From our two past mistakes- “Cera Sanitaryware” and “2015-16” – we learnt that unless fundamentals are extremely compelling, it is better to be gradual in selling and buying respectively. From our past mistake on “Treehouse Education” we have learnt that bad management deserves a low price, it’s seldom a bargain. In Dish TV we underestimated the competitive disruption but thankfully sold at breakeven. Tata Motors DVR taught us that cyclical investing requires a different mindset to moat investing and one needs to be quick to act when external environment turns adverse. In Talwalkars, we learnt that assessing promoter quality is a difficult job and we should err on the side of caution irrespective of how cheap quantitative valuations look. From DB Corp we learned that industries in structural decline will fail to get high multiples even if the industry is consolidated, competition limited and free cash flows healthy. 

B2. MAJOR PORTFOLIO CHANGES

We have completely exited from Bajaj Consumer at a loss of 0.7% of NAV. There were no other material additions or deletions to our holdings.

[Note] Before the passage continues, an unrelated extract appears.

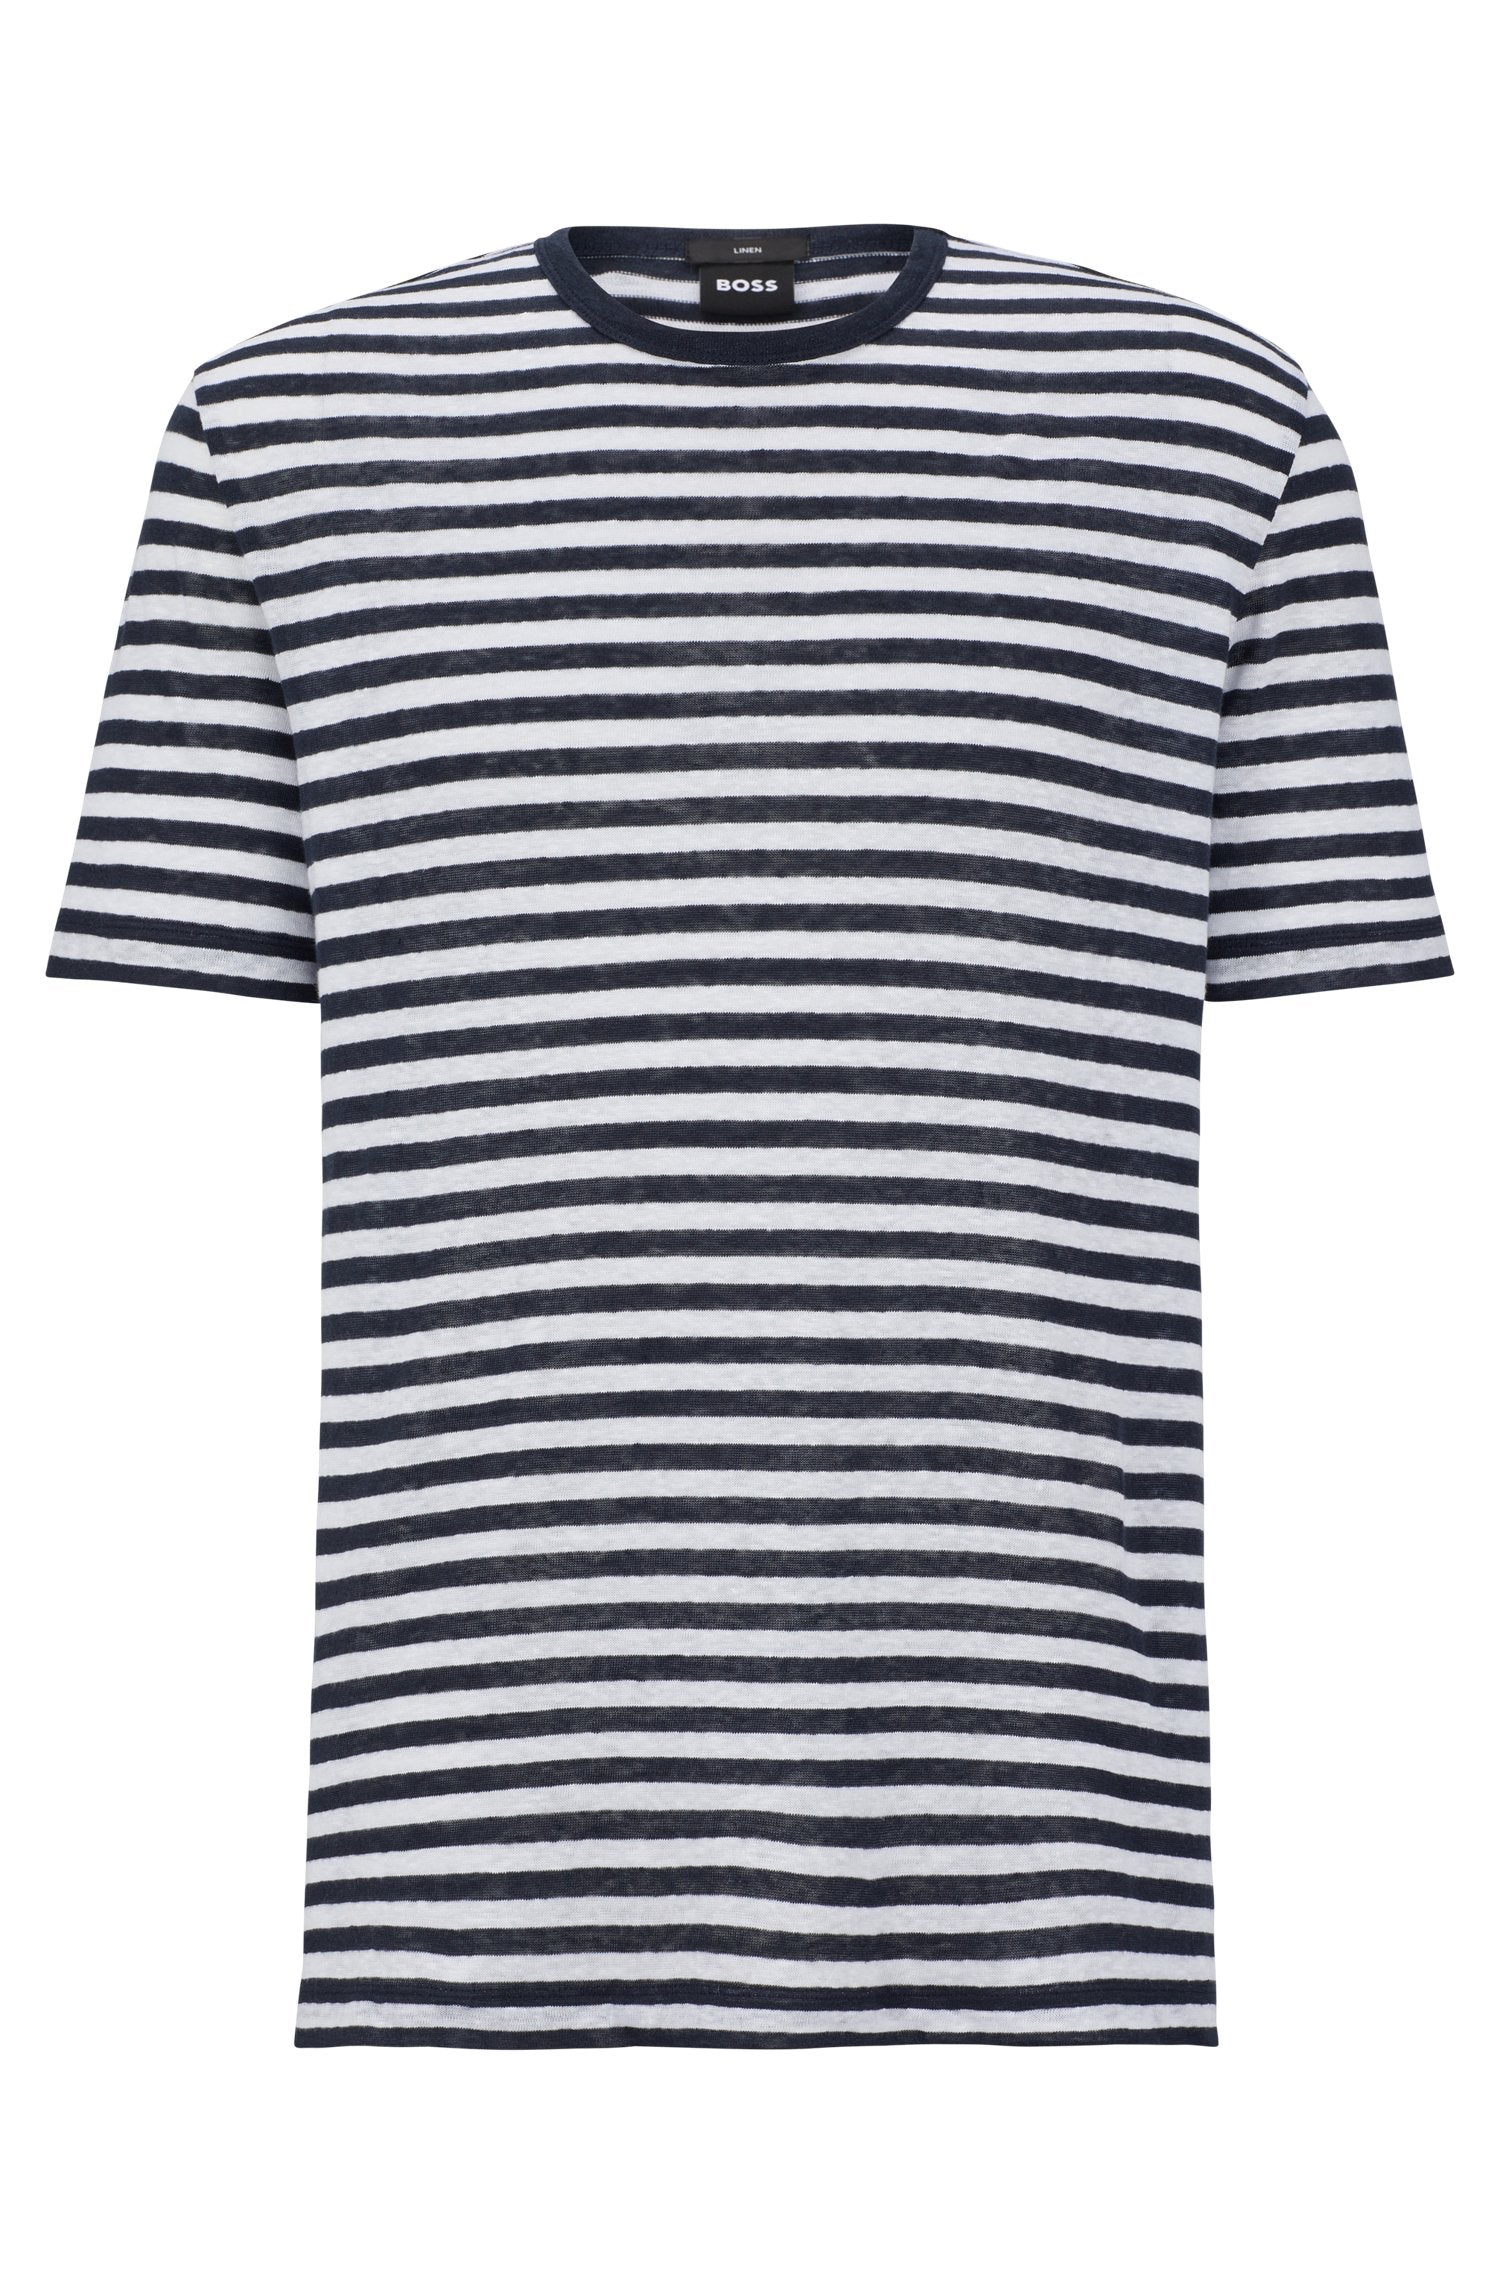 BOSS - TIBURT 350 Dark Blue Horizontal Striped T-Shirt In Pure Linen 50486232 405

As we wrote in last few letters, Bajaj Consumer (the maker of Bajaj Almond Drops hair oil) was a minor position which we looked as optionality. While stock rose 50% from its Covid lows and earnings fell only 4% in Covid affected Jun quarter due to cut in marketing spends, company’s recent capital allocation decisions disappointed us and we thought it prudent to move out:

Dividend policy: The company cut down its dividend from Rs. 14 per share in last year to just Rs. 2 per share despite having surplus cash of Rs. 450 cr (Rs. 30.5 per share) as of March 31, 2020. That this happened soon after promoters reduced their pledged shares to nil, makes us more worried. In retrospect, the erstwhile high dividend payout looks like a means for personal debt service of promoters and not a shareholder value creation policy. 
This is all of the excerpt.